Sunday, September 12, 2010

Quran burning and US inconsistency

 Al-Jazeera

Why does the US government think burning Qurans is less civilised than drone attacks on civilian populations?

Barack Obama, the US president, has warned that threats to burn the Quran are a sure and effective way to swell the ranks of al-Qaeda. This may be true, but largely because such symbolic acts of ‘Islamophobia’ are widely viewed as verifying the perception that the US wars in Afghanistan and Iraq, along with its backing of Israel, are motivated by its hostility towards Muslims.

The previously unheard of pastor of a small Florida church may have scrapped his plan to publicly burn hundreds of Qurans on the ninth anniversary of the 9/11 attacks, but the threat alone has done untold damage to the already troubled relationship between the Muslim world and the West.

The US government’s reaction to the plan will not have gone unnoticed. But no matter how strong the words of condemnation, those on the receiving end of US occupation or air raids will be struck by the apparent inconsistency.

General David Petraeus, the US commander in Afghanistan, warned that burning the Quran could endanger the lives of US troops who might become the target of retribution. But why do Obama and Petraeus think that burning the Quran is any less civilised or more dangerous than their use of unmanned drones to target suspected Taliban or al-Qaeda fighters and the subsequent civilian casualties these attacks often entail?

Terry Jones, the pastor behind the planned Quran bonfire, may be insane, as some, including his own daughter, have suggested. But what excuse do sane and sophisticated people like Obama, Petraeus, and Robert Gates, the US secretary of defence, have?

Dehumanisation
In his Cairo speech, Obama attributed the blame for some of the misunderstanding between the West and the Muslim world to the acts of terrorism carried out by a minority of Muslims. “The attacks of September 11, 2001 and the continued efforts of these extremists to engage in violence against civilians has led some in my country to view Islam as inevitably hostile not only to America and Western countries, but also to human rights,” he said. But he totally glossed over the fact that before – just as after – 9/11, the US engaged in unjust wars against mainly Muslim countries – a threat that is more potent than any plan to burn Qurans.

If it were not for these wars and a history of US support for the Israeli occupation and dictators in the region, the threat to burn Qurans – as ugly and offensive as it clearly is – would not have been anything more than the act of a small-time minister searching for attention and obsessed with his own prejudices.

But in an atmosphere of ‘Islamophobia’ – fed by a mistrust and ignorance of Islam – and US wars against Muslim countries, the suggestion of a Quran-burning day becomes something much more significant.
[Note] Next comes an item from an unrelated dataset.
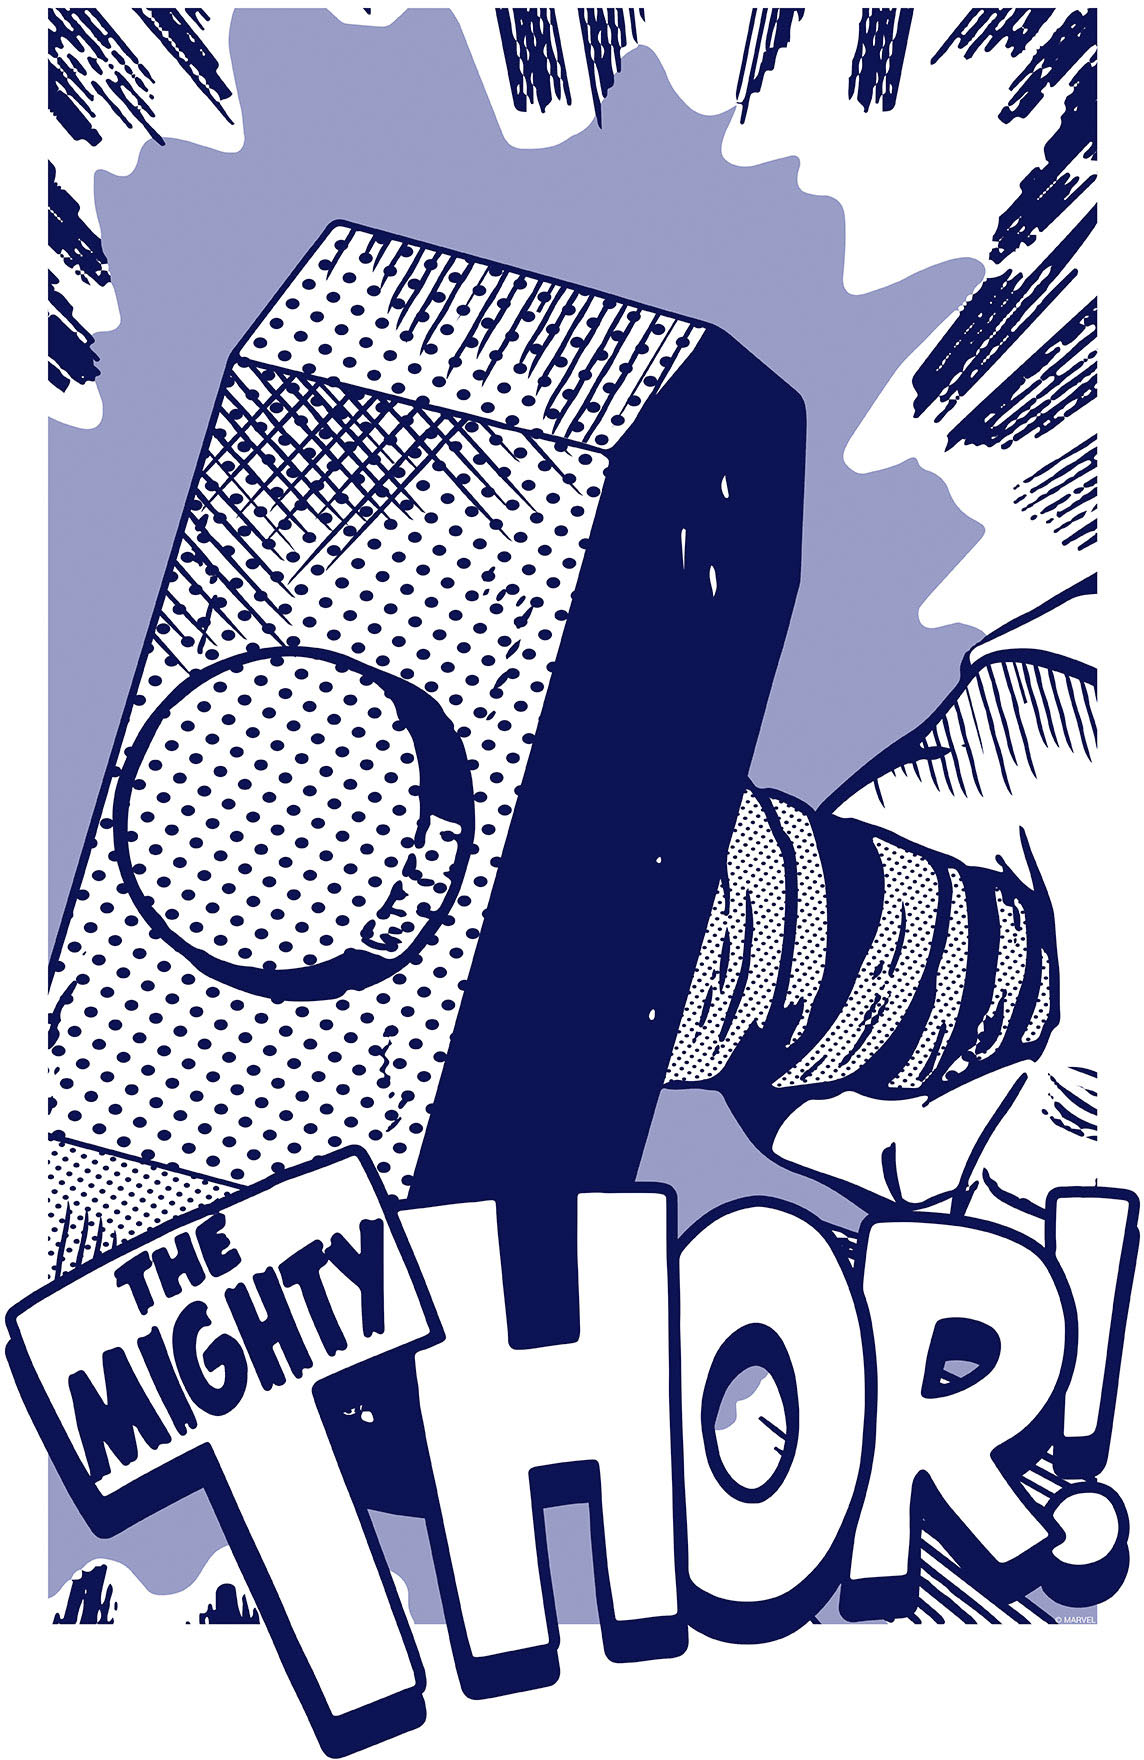 Komar Wandbild »Thor Mjölnir«, (1 St.), Deutsches Premium-Poster Fotopapier mit seidenmatter Oberfläche und hoher Lichtbeständigkeit. Für fotorealistische Drucke mit gestochen scharfen Details und hervorragender Farbbrillanz. von Komar

It also reflects the general dehumanisation of Muslims and Arabs – particularly those who have been the victims of American and Israeli bombings – that has taken root, allowing some of the US public to become immune to the crimes committed by their own government or with their government’s backing.

Today, as Americans grieve the victims of the 9/11 attacks, it is important to recognise that sorrow is a shared universal sentiment that does not exclude religions or races.

In the weeks following 9/11, the American press devoted pages and air time to giving a human face to the victims of the attacks. It is not realistic or even right to expect the American media to give the exact same treatment to the victims of US wars. But, until very recently, the US media rarely even questioned the wars in Afghanistan and Iraq and when it did, the questions asked rarely centred on the civilian deaths, which were at best seen as inevitable incidents of war and, at worst, as necessary collateral damage.

Such a mentality is more damaging in the long run than any individual threatening to burn the Quran, because it plants the seeds of dehumanisation.

In the words of Kathy Kelly, an American peace activist who is currently facing trial for ‘trespassing’ in a drone-manufacturing plant during an anti-war protest, the mainstream media “does little to help ordinary [Americans] … understand that the drones which hover over potential targets in Afghanistan, Pakistan and Yemen create small “ground zeroes” in multiple locales on an everyday basis”.